“Either we go up together, or we go down together,” Dr. Martin Luther King, Jr. told civil rights activists during his 1968 “Mountaintop” speech. Leading the charge for fair treatment of Memphis’ garbage collectors, Dr. King’s final remarks on the night before he was assassinated were rooted in his fervent belief in the power of community.
He told us that we are called to be our brothers’ and sisters’ keepers. He said their lives, the dreams they hold, and the challenges they face, must be our concern.
I couldn’t agree more.
Fifty years later, Dr. King’s fundamental principles of community guide my work as Governor. Our work toward building stronger communities and a better Minnesota will not be complete until all of our futures are as bright and promising as those most fortunate among us. The basic rights, liberties, and opportunities, which are enjoyed by one, should be guaranteed to all men and women, who are created equal in the eyes of God.

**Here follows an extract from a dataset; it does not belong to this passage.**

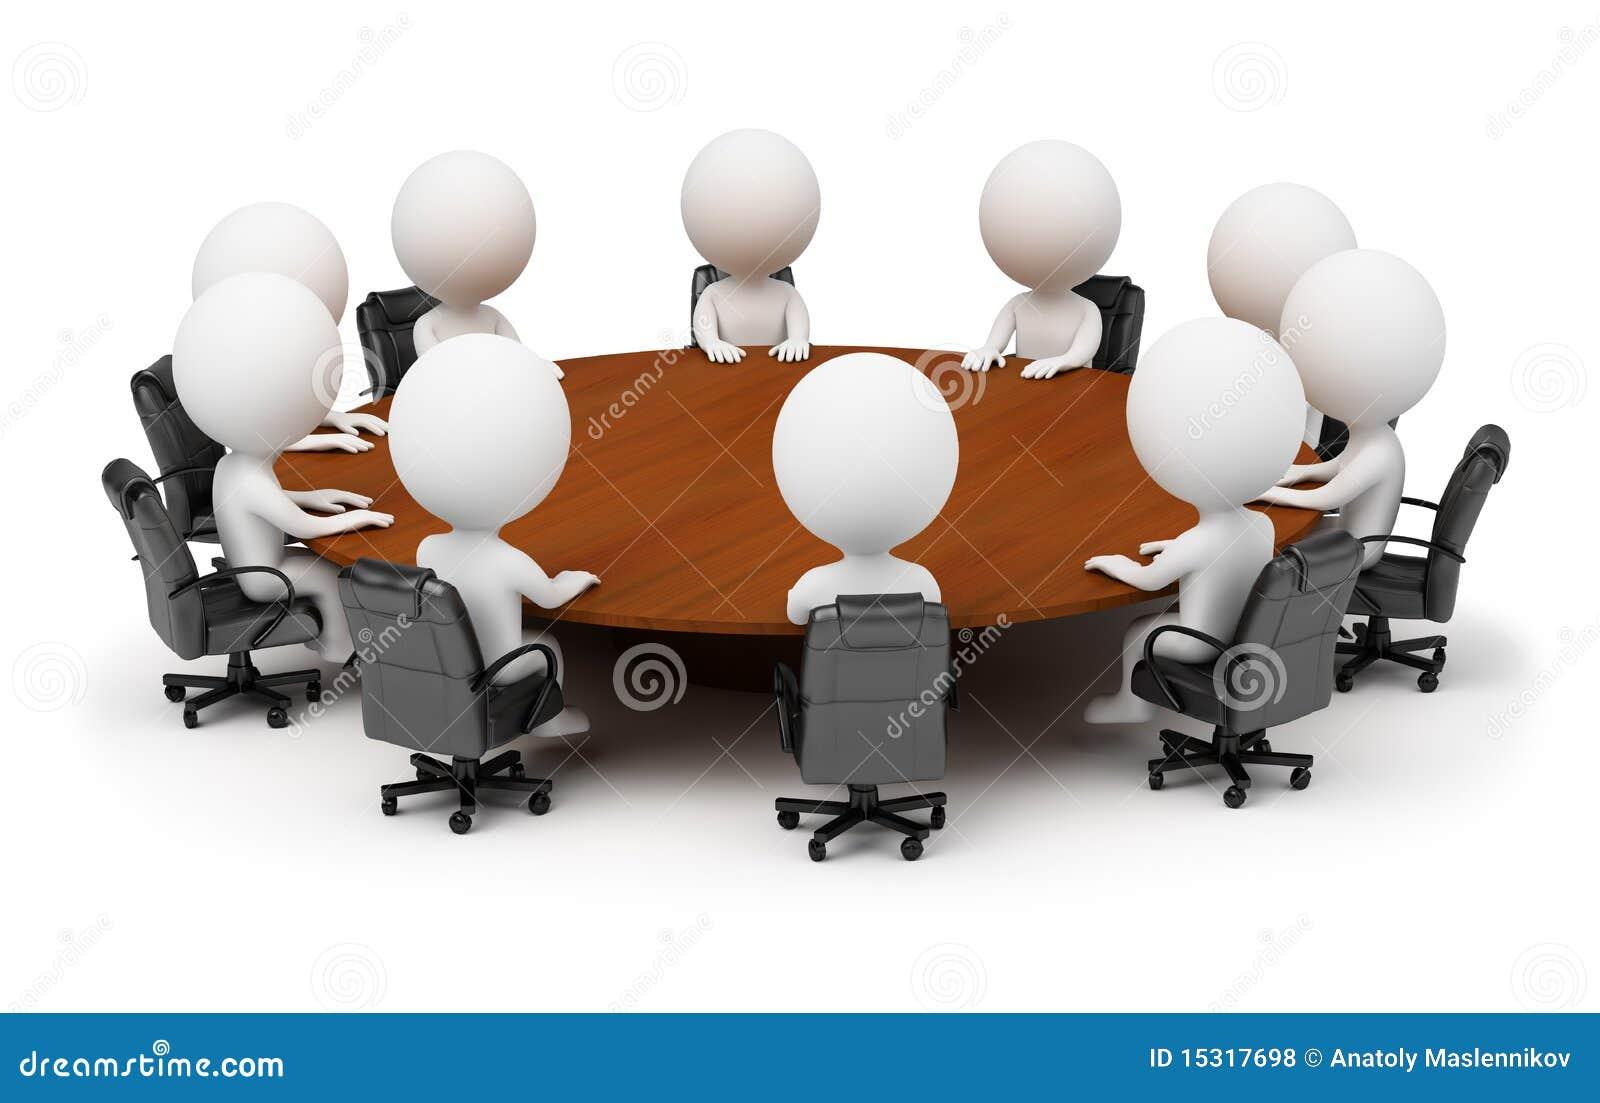 3d kleine Leute - Sitzung hinter einer runden Tabelle
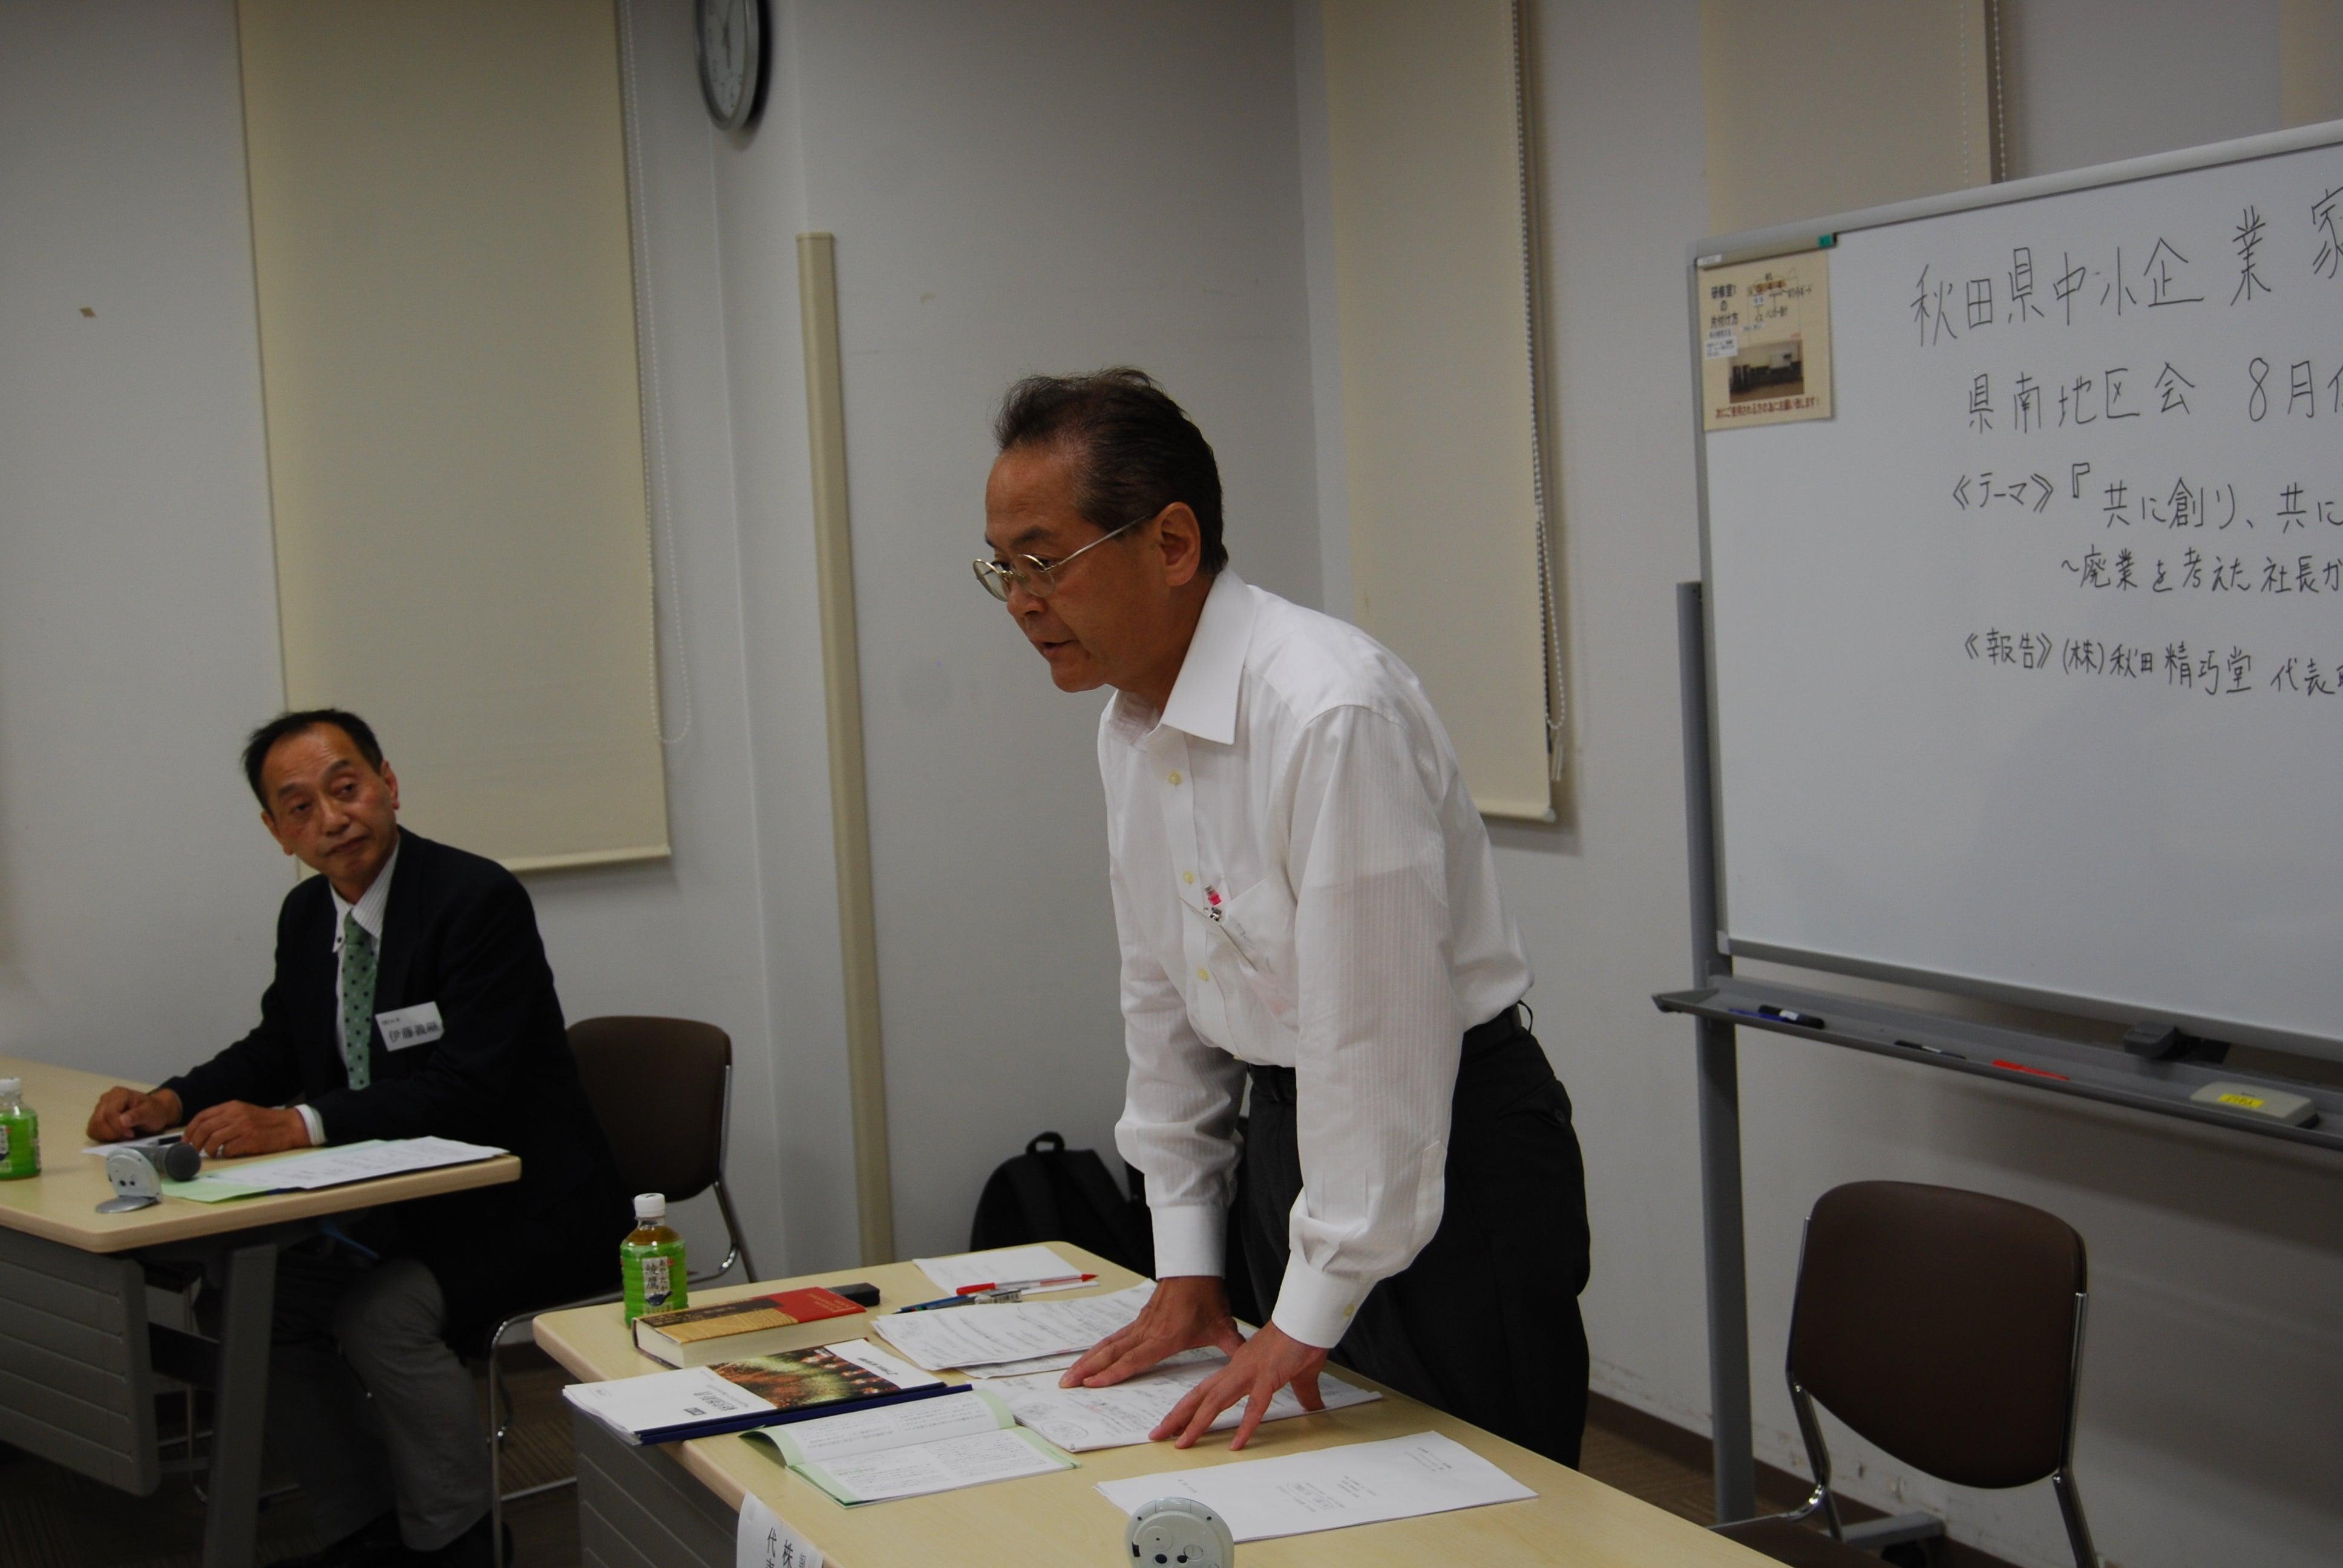 秋田県中小企業家同友会8月例会 と 横手市倫理法人会 第900回モーニングセミナー

Yet, decades after Dr. King began his transformational ministry, “the jangling discords of our society” — poverty, inequity, and discrimination — still block our progress toward that important goal. With all of our sisters and brothers in mind, we must meet the challenges of our communities as Dr. King did: with urgency, courage, and the enduring dream of a better future.
As we reflect today on 50 years of progress and setbacks, I firmly believe a brighter future is possible for all Minnesotans and all Americans — if we stay true to the ideals and principles of the great Dr. Martin Luther King, Jr., whose courage and sacrifice lead us toward the day when “justice will roll down like waters, and righteousness like a mighty stream.”
Pull quote: Our work toward building stronger communities and a better Minnesota will not be complete until all of our futures are as bright and promising, as those most fortunate among us.